Conditions worked in our favor. Streetlamps were few and dim. He’d been four blocks away. For all he knew, we were dragging drunks off the roadway. Or he’d witnessed the tail end of a street brawl. Both were probably the norm for the district. Undesirable, yet neither was irregular nor life-threatening. But once he understood he was dealing with murder, the firearm would come out. I needed to prevent the discovery at all costs. Which meant I needed to distract and then disable him. That was the scenario necessary for me to rejoin my friends.
I stepped into the street and raised my hands.
* * *
The cop was young but he wasn’t dumb.
He approached with caution. Like any experienced officer would when confronted with a civilian, possibly a drunk civilian, not to mention a foreigner, in a scrimmage involving violence.
I drew up and waited for him to come to me. Take all the time you want. I only need to stall enough for my friends to get to the safe house five blocks away.
And then I changed my mind. Noda had had a better idea.
The perfect idea for
the time and place.
The eaves.
* * *
During our stakeout, we’d watched an amorous couple shelter from prying eyes under the deep overhang of one of the traditional buildings, in a nearly impenetrable darkness. The lovers were a short distance away, and yet, under the concealing cover of the eaves, they were nothing more than an indistinct bundle. They could have been a stack of barrels or a pile of firewood. Their embrace was an inky slow-moving mass within a midnight black field. That was all.
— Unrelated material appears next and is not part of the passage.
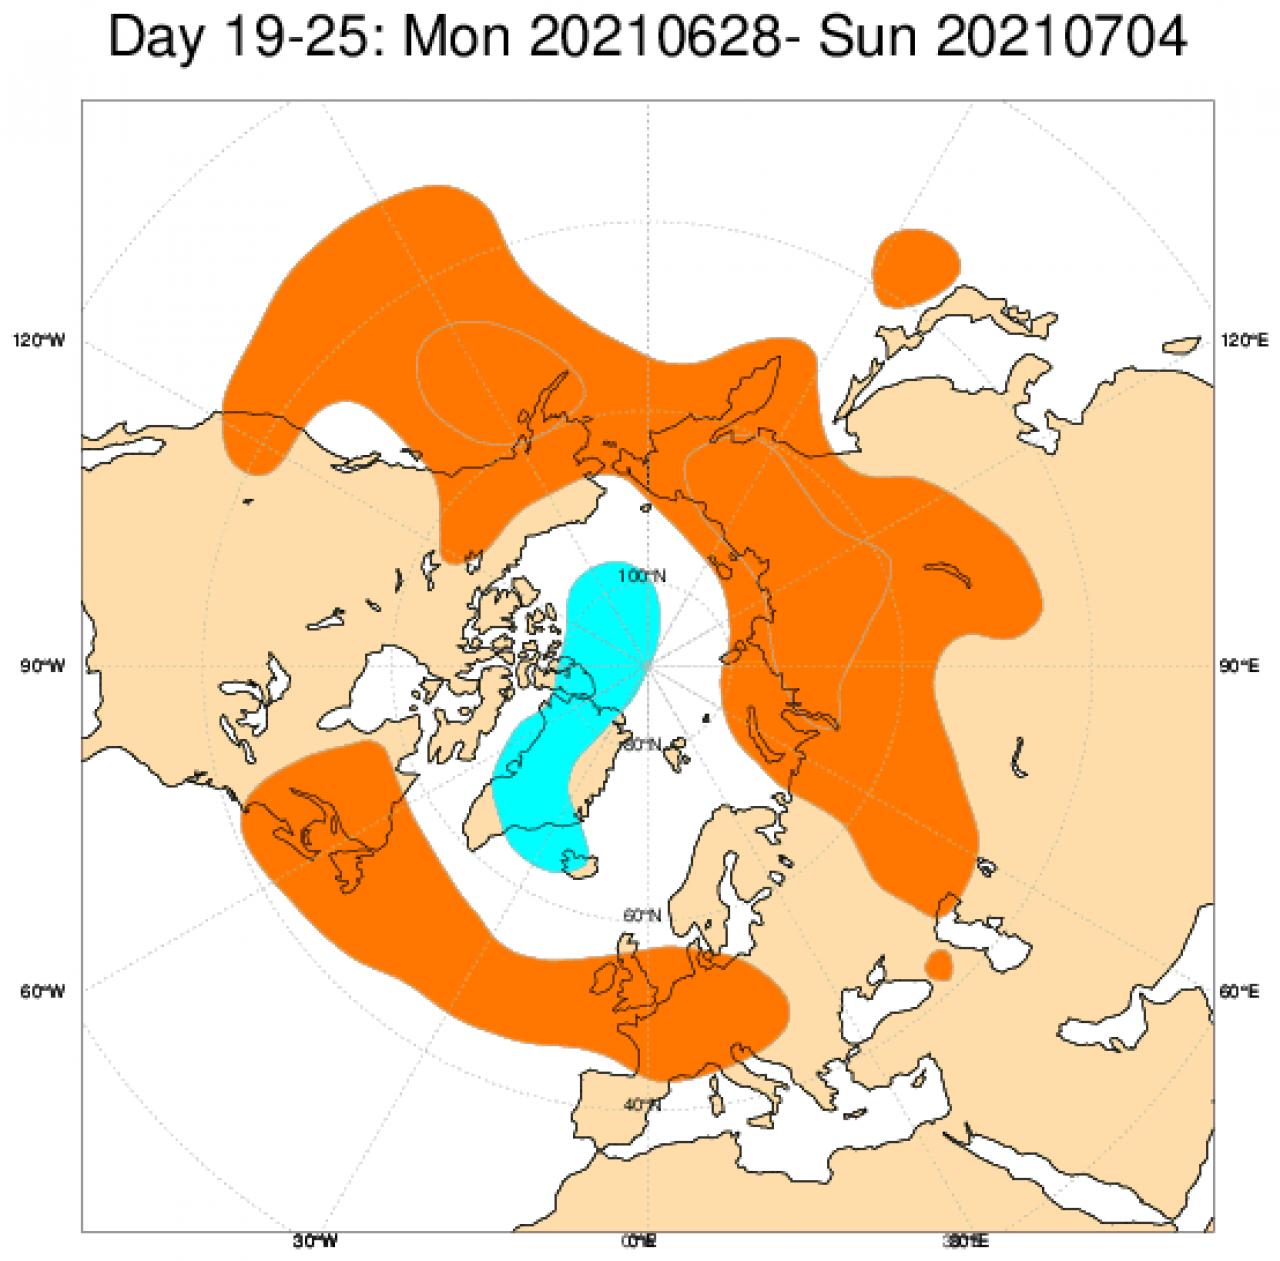 Le anomalie di geopotenziali in Europa secondo il modello ECMWF, mediate nel periodo 28 giugno - 4 luglio

So, with the advancing cop fewer than twenty yards away, I retreated to the protective shadows of the shop overhang behind me. The badge stopped five yards out and squinted into the darkness. I edged sideways. He shouted at me in Chinese. I didn’t answer.
I wondered if he could see me with any clarity, and confirmed in the next instant that he couldn’t. His searching look roamed over the side of the blackened storefront, his eyes unable to find mine. In the cloistered entry of the grocery we’d used for our stakeout, our eyes had long been accustomed to the night and we’d still been unable to make out details of the passionate goings-on. My current adversary was under a heavier handicap.
The safe house was only a short five blocks away.
I could confuse the issue.
To stall for time.
I eased closer to the wall, then shifted sideways, away from the policeman, careful to maneuver within the shielding shadows of the man-made canopy. Then a step forward. Then back. My movements were slow, fluid, and random.
I mapped out a square. Then a rectangle. I moved diagonally. I bent at the waist as I shifted positions. I raised and lowered my arms. As if I were but one person among several. Indecision clouded the policeman’s features. His youthful confidence faded. He yelled out to me—or us—to step forward. At least, I presumed that’s what he said. His tone was demanding, presumptuous, yet wavered at the end.
I switched to circles. A small, tight one. A longish oval one. Sticking carefully to the confines of the eaves, I added counterclockwise circles. I cut across the diameter of each ring. The cop opted for containment. He roared at me again, frustration edging into his voice, then spoke into his shoulder radio. I’d stalled his advance. All time gained for my fleeing friends.